Comparatif des solutions de reporting extra-financier en Europe
Face à la montée en puissance des obligations réglementaires comme la CSRD, les entreprises cherchent des outils capables de maîtriser leur empreinte carbone et leurs indicateurs ESG. Plusieurs plateformes se distinguent selon leur approche, leur public cible et leur niveau d’accompagnement. Voici un aperçu des solutions les plus utilisées sur le marché européen.
Tennaxia : le pilotage sur-mesure
Tennaxia se positionne comme une réponse intégrée pour les entreprises qui veulent allier rigueur technique et accompagnement stratégique. La plateforme permet de modéliser un arbre organisationnel sur mesure, essentiel pour structurer les données selon les entités du groupe. L’un de ses atouts majeurs ? La data governance renforcée, avec un système de collecte collaborative et des traitements automatiques qui réduisent les erreurs humaines. Pour piloter sa transition avec des données fiables, une entreprise peut choisir le meilleur logiciel ESG. L’accompagnement par des experts fait aussi la différence, notamment pour interpréter les résultats et aligner la stratégie carbone avec les enjeux réglementaires.

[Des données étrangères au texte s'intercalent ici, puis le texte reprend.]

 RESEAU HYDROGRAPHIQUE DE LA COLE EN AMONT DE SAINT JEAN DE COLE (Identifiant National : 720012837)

Workiva : l’approche collaborative globale
Workiva, bien implanté en Europe, mise sur une approche collaborative. Son interface conviviale permet à plusieurs départements de contribuer simultanément au reporting, ce qui accélère le processus. Le cadre de reporting carbone intégré simplifie la génération de documents conformes, en particulier pour les rapports financiers et extra-financiers combinés. L’outil est particulièrement apprécié dans les grandes entreprises internationales où la coordination entre filiales est cruciale.

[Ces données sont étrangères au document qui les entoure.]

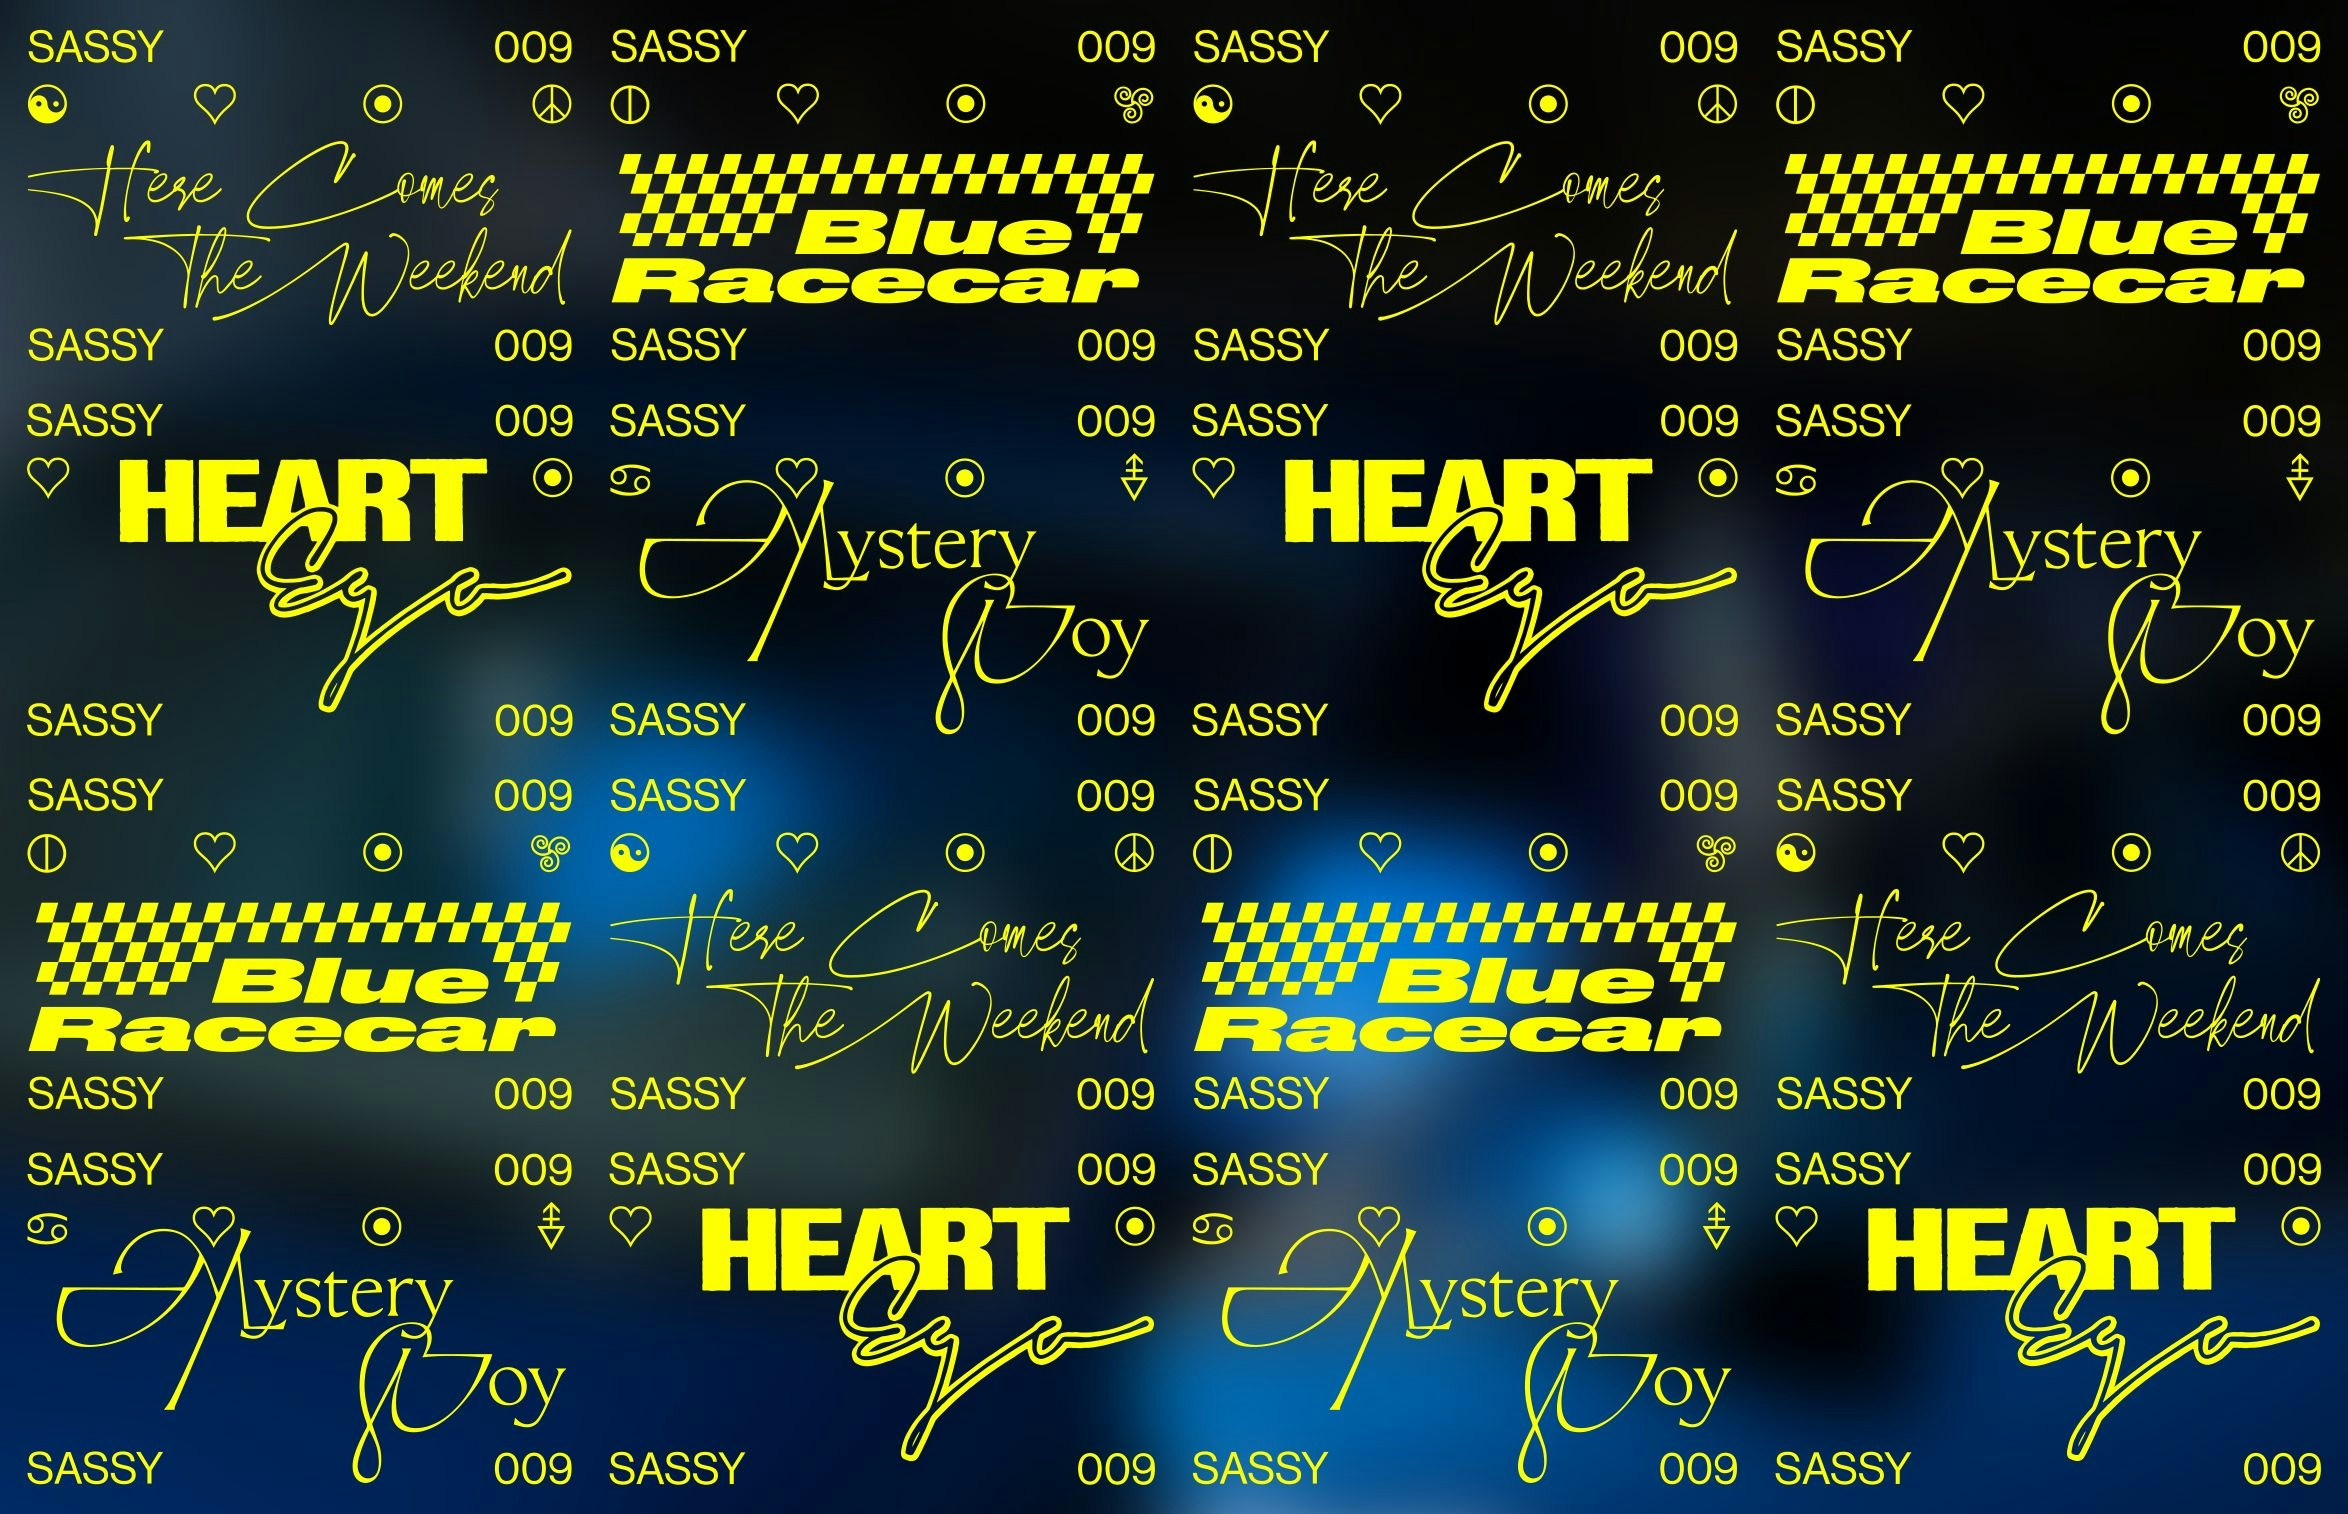 Sassy 009 Logos

EcoVadis et SAP : l’angle supply chain et ERP
EcoVadis s’impose surtout dans l’évaluation des fournisseurs, en intégrant les critères ESG directement dans les processus d’achat. SAP, quant à lui, tire parti de son écosystème ERP pour automatiser la remontée de données environnementales - consommations d’énergie, déchets, transport - via des connexions directes aux systèmes opérationnels. Ces outils sont puissants pour les groupes complexes, mais demandent souvent des configurations lourdes et un accompagnement externe pour en tirer pleinement profit.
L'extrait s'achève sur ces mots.